Your Mind on the Move

You thought exercise was good for your body? Wait until you see what it can do for your brain.

People in a POUND fit class

New studies show the many ways exercise can boost your brain.

Holly Becka Pry remembers exactly when—and why—she realized she had to start exercising. “Our son was about 5 or 6 years old, and we had taken a family vacation to Disneyland,” says Holly, of McKinney, Texas. “I knew I had gained weight over the last few years, but it wasn’t until I saw those vacation pictures that I realized just how much I had put on.”

As a wife and working mother, Holly was accustomed to juggling many roles, but suddenly realized she had focused on work and family to her own detriment. It was completely inconsistent with who she had always planned to be.

“I wanted to set a good example for my son. I wanted to have a good, healthy body image and be at a healthy weight. And I wanted to live a long and healthy life.” Holly immediately started hitting the gym, knowing that the muscle memory from her days as a high school athlete—she played tennis and was involved in cheerleading and dance—would help her lose weight fairly quickly.

While she knew what exercise could do for her body, she didn’t anticipate what it would do for her mind. After working with a trainer for a couple of years—and losing 30 pounds along the way—she discovered Zumba and opened the door to a passion for fitness she’d never known before.

“It’s like it was made for me,” says Holly, who started practicing Zumba about five years ago and now is a certified instructor. She’s also received her certification as a Beachbody coach and is a certified Aerobic Fitness Association instructor.

“I loved everything about it—the music, the movement, the people—it all made me feel so happy. I got hooked.”

Now, when she has a stressful day at her job as a marketing communications manager for an engineering firm, or when she’s feeling a bit under the weather, Holly finds teaching or attending a fitness class can change her mood instantly. She loves the endorphin rush and the connection she feels with others in the class. Whether it’s kickboxing, Zumba or a good core strengthening class, she says it’s an automatic reset button for her.

“It’s the best stress reliever I’ve found. I can’t wait to get to the gym, and I feel like I cope better with everyday stressors. It makes me feel so happy.”

Movement and Your Mind

What Holly feels when she’s exercising is a well-documented phenomenon. Although there’s plenty of evidence that exercise gives us an emotional boost, the “why” of that response has taken longer to discover.

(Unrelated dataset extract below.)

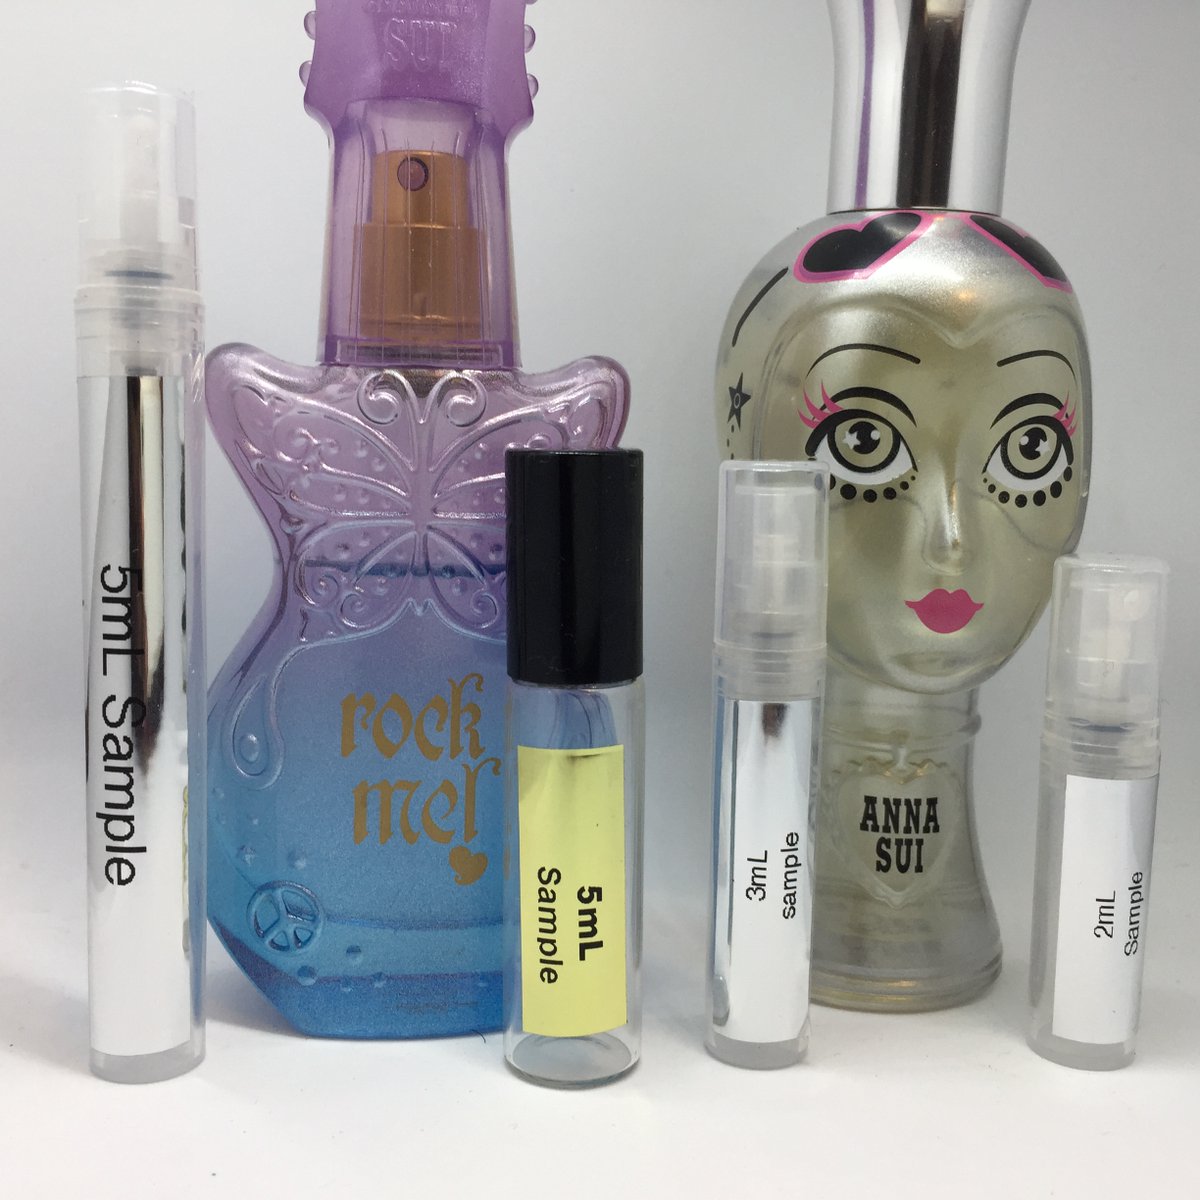 Check out what I’m selling on #Mercari! 2pc ANNA SUI EDT Mini Spray/Roll-On Set ow.ly/Iez950xPR6S #AnnaSui #Fragrance #MercariSeller #decant #Decantshop #fragrancecommunity #igstore #perfume #eaudeparfum #eaudetoilette #fragrancereviewer #scent #scentbird #scentbox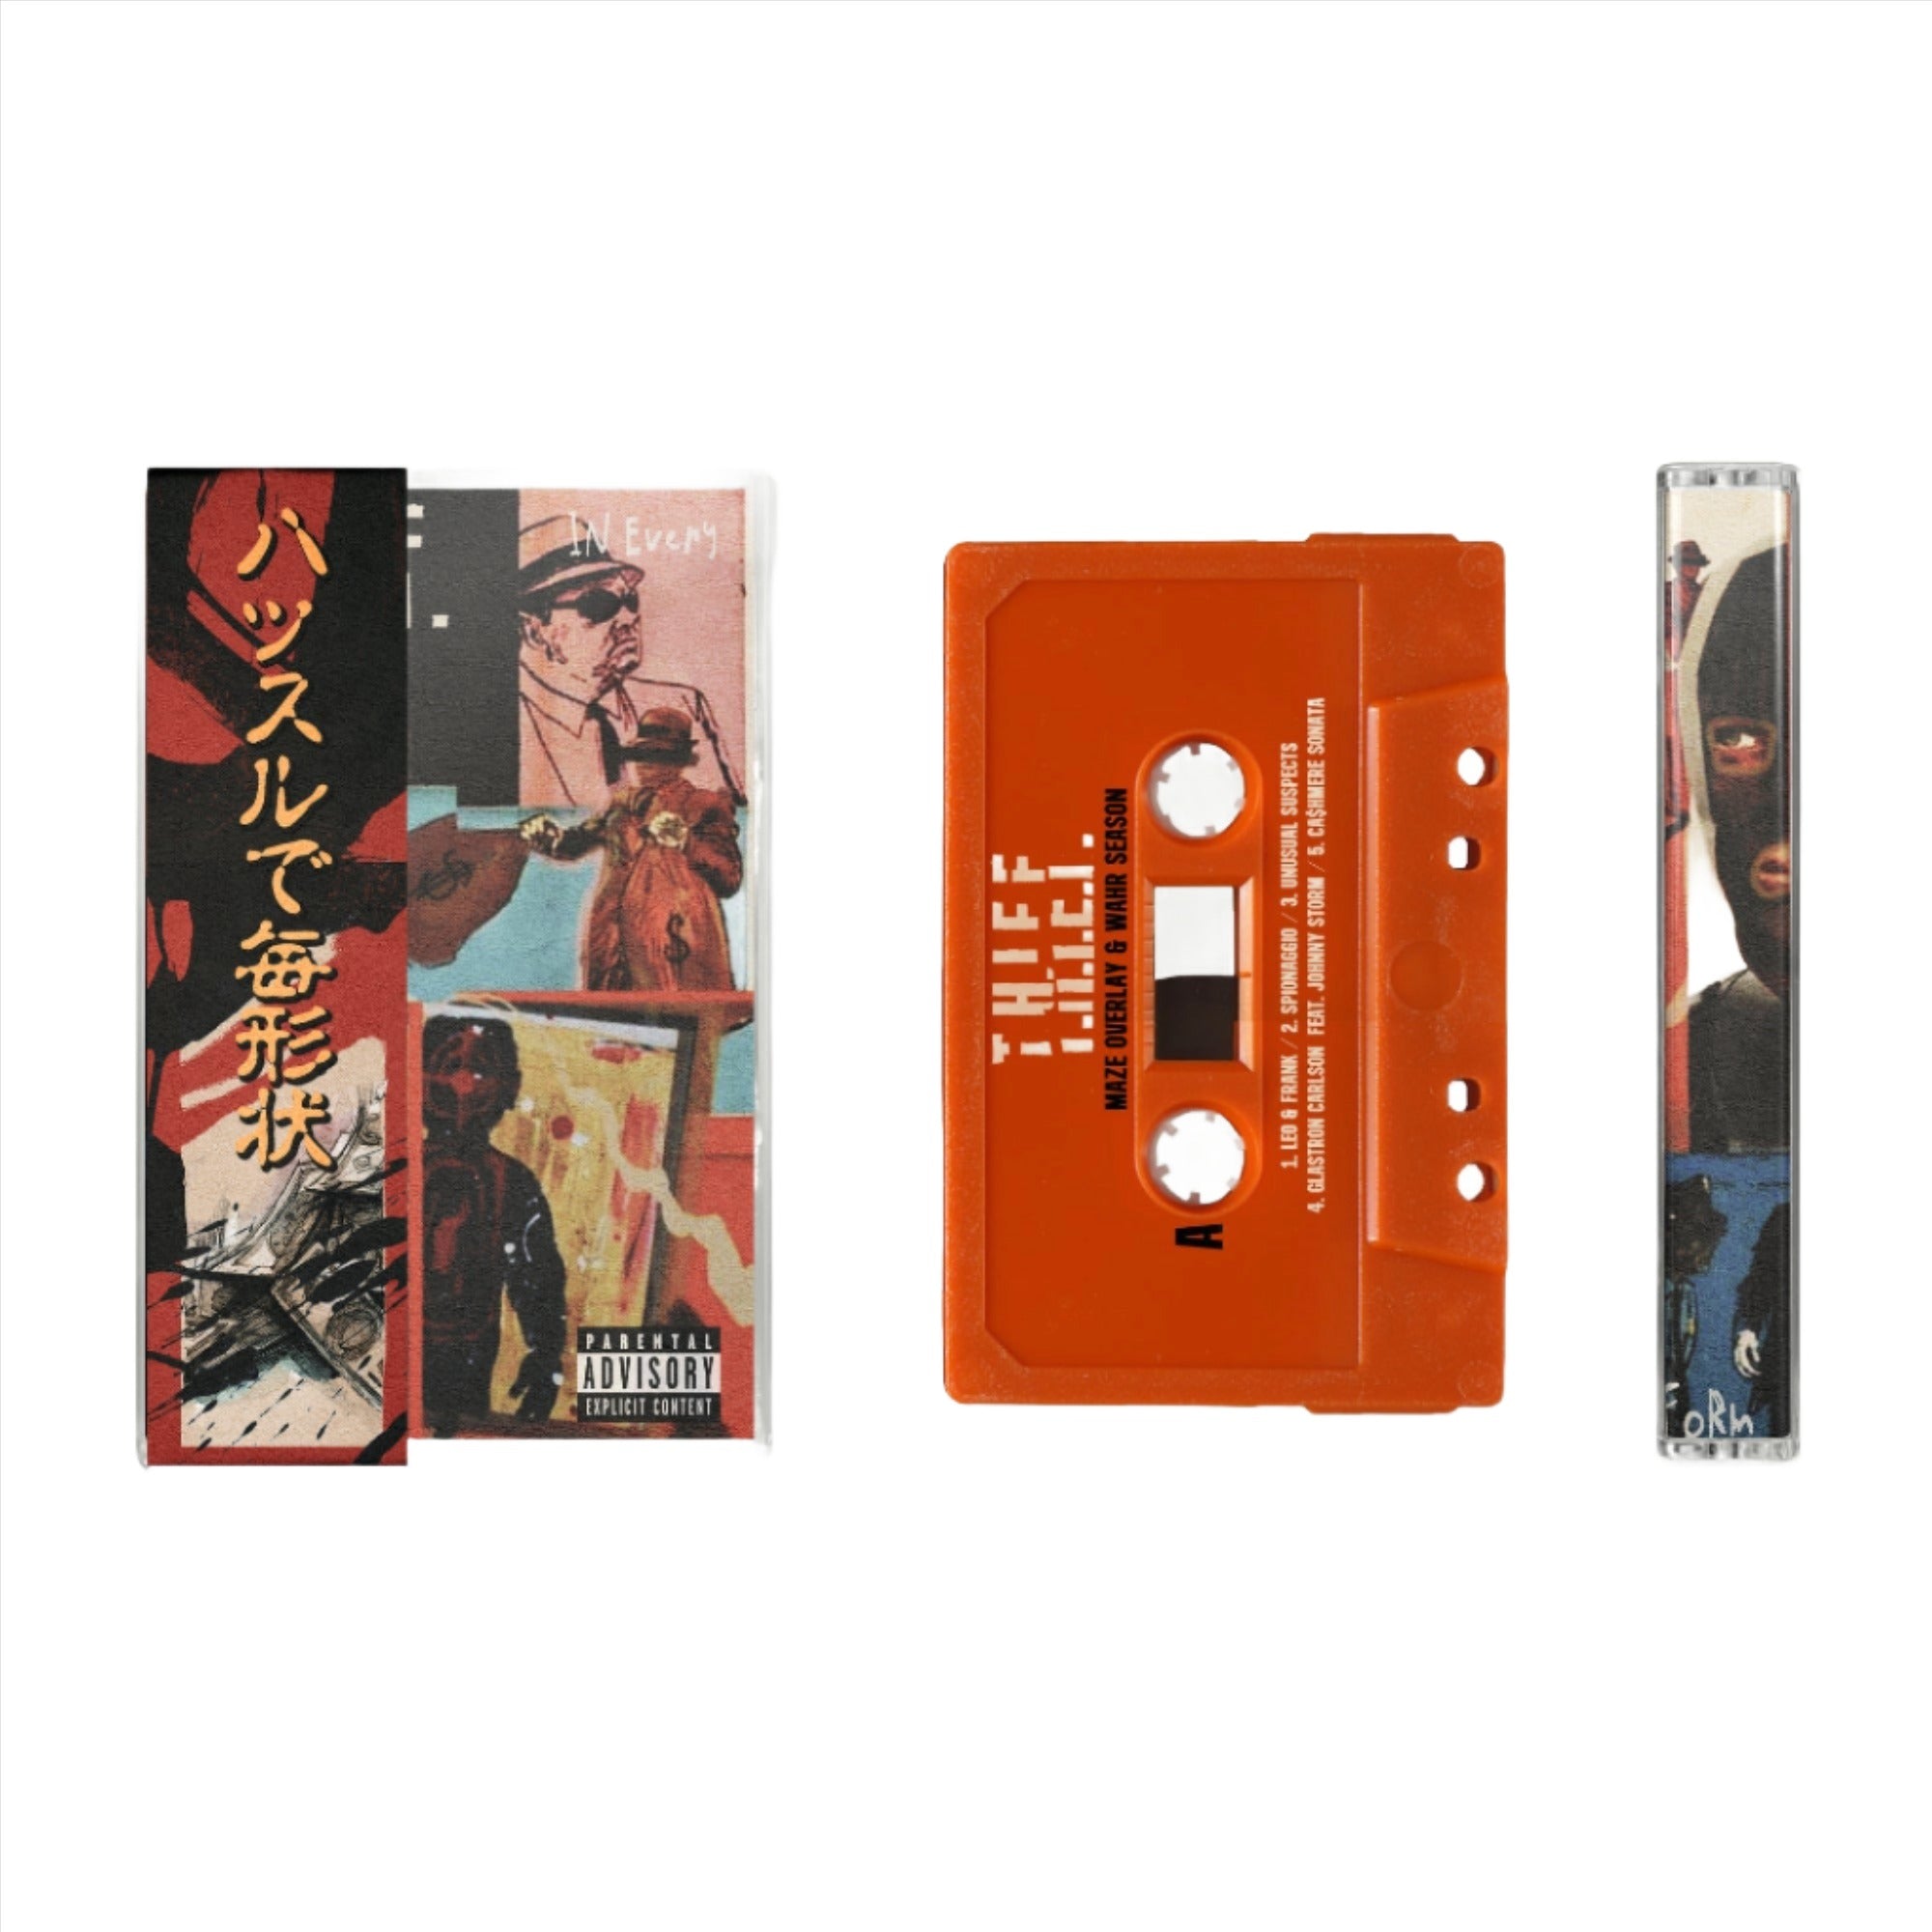 Maze Overlay & Wahr Season - T.H.I.E.F. cassette tape with OBI

Neuroscientists studying the role exercise plays in our mental and emotional health have found that it boosts our psychological well-being as well as our physical strength.

“Our mind thrives on patterns, or algorithms,” explains Joseph Cardillo, Ph.D., a best-selling author and research associate at Mind-Body Institute International. “Exercise uses all the core processing components of our brain, and when you create a pattern through exercise, our minds and bodies love that.”

As a result, as we use our brains differently through exercise—whether it’s creating a rhythm in your jogging pace, learning a series of dance moves or focusing on using breath to calm and sustain ourselves—those new patterns become ingrained.

“Your brain makes the connection between what you did and how you feel, and that’s the first step in creating a pattern and being able to use [that feeling] in other [situations],” Joseph says. Just as your body reacts physically with anxiety or depression to a negative or alarming memory, it can have an equally positive reaction of energy or calmness when recalling that moment of exercise.

“When you become aware of that, and learn to use it, you can visualize yourself walking, running, playing tennis—whatever it is that you do—and your brain will have a similar reaction.”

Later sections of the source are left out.